Singapore on Thursday officially opened the largest energy storage system in Southeast Asia as part of the city-state's efforts to guarantee energy security amid the global energy crisis and transition toward clean energy.

The Sembcorp Energy Storage System, which started operations in December last year, has a maximum storage capacity of 285 megawatt hours. Its operator opened the completed site to the media and held a launch ceremony Thursday.

Photo shows workers checking the Sembcorp Energy Storage System on Singapore's Jurong Island on Feb. 2, 2023. (Kyodo)

It is designed to store surplus power that can be delivered to the grid to mitigate solar intermittency caused by changing weather conditions in Singapore's tropical climate.

The giant lithium iron phosphate batteries located in container-like structures are located on two sites spanning two hectares of land on Jurong Island, a man-made island that houses Singapore's petrochemical complex.

The new energy storage facility allows Singapore to achieve its 200 MWh energy storage target.

Amid the global energy crisis, the government appointed Sembcorp Industries to build the facility in June last year. It is the fastest deployment in the world of an energy storage system of its size, Sembcorp Industries and the Energy Market Authority said in a statement.

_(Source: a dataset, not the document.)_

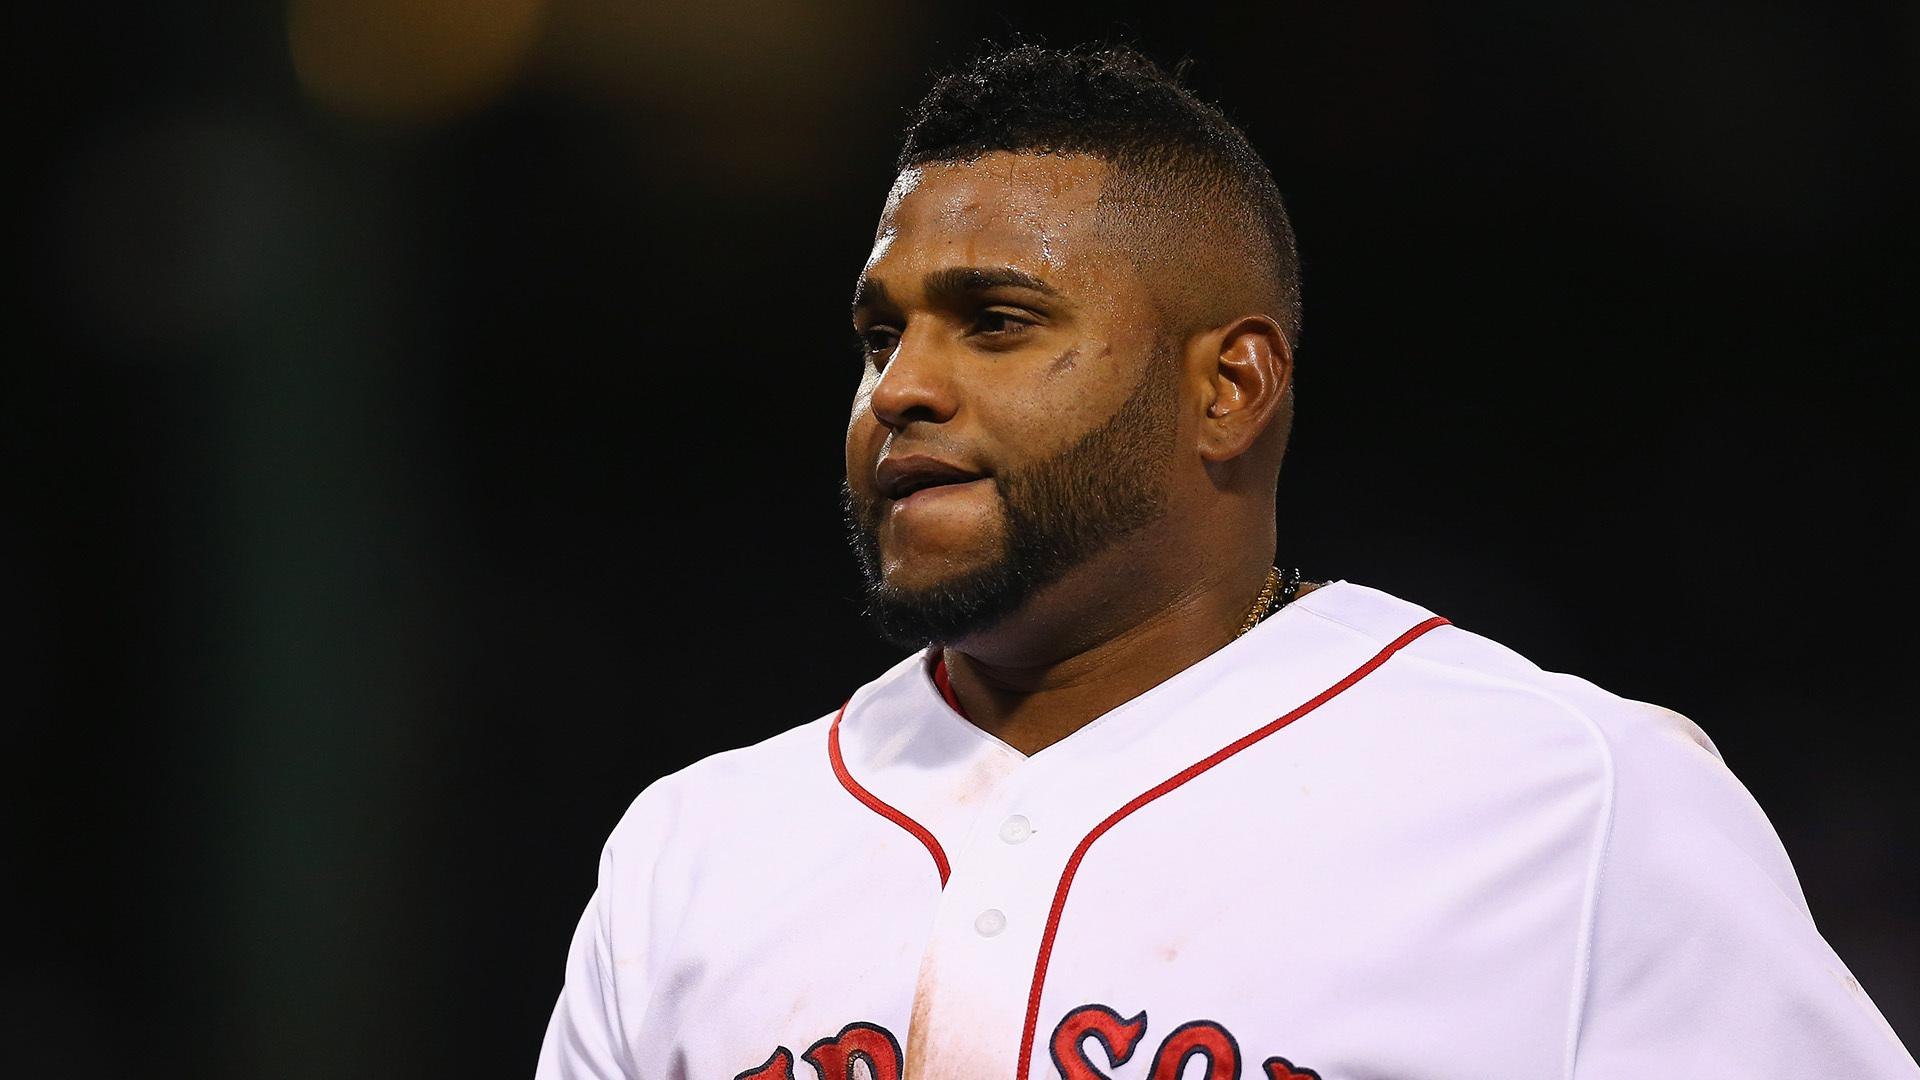 ⁣Pablo Sandoval Benched for Liking Photo on Instagram

Aside from enabling the scaling up of solar power, the facility "can also be used to store energy to provide reserves to the power grid," Tan See Leng, Singapore's manpower minister, said at the ceremony. "It's a key solution in terms of enhancing our energy security and our grid resiliency."

More than 95 percent of Singapore's electricity supply currently comes from imported natural gas but the city state has been trying to diversify its energy mix, especially through solar.

In 2021, Singapore unveiled one of the world's largest floating solar panel farms, spanning an area equivalent to 45 football fields. It is able to power five local water treatment plants and contribute to the national goal of quadrupling solar energy deployment by 2025.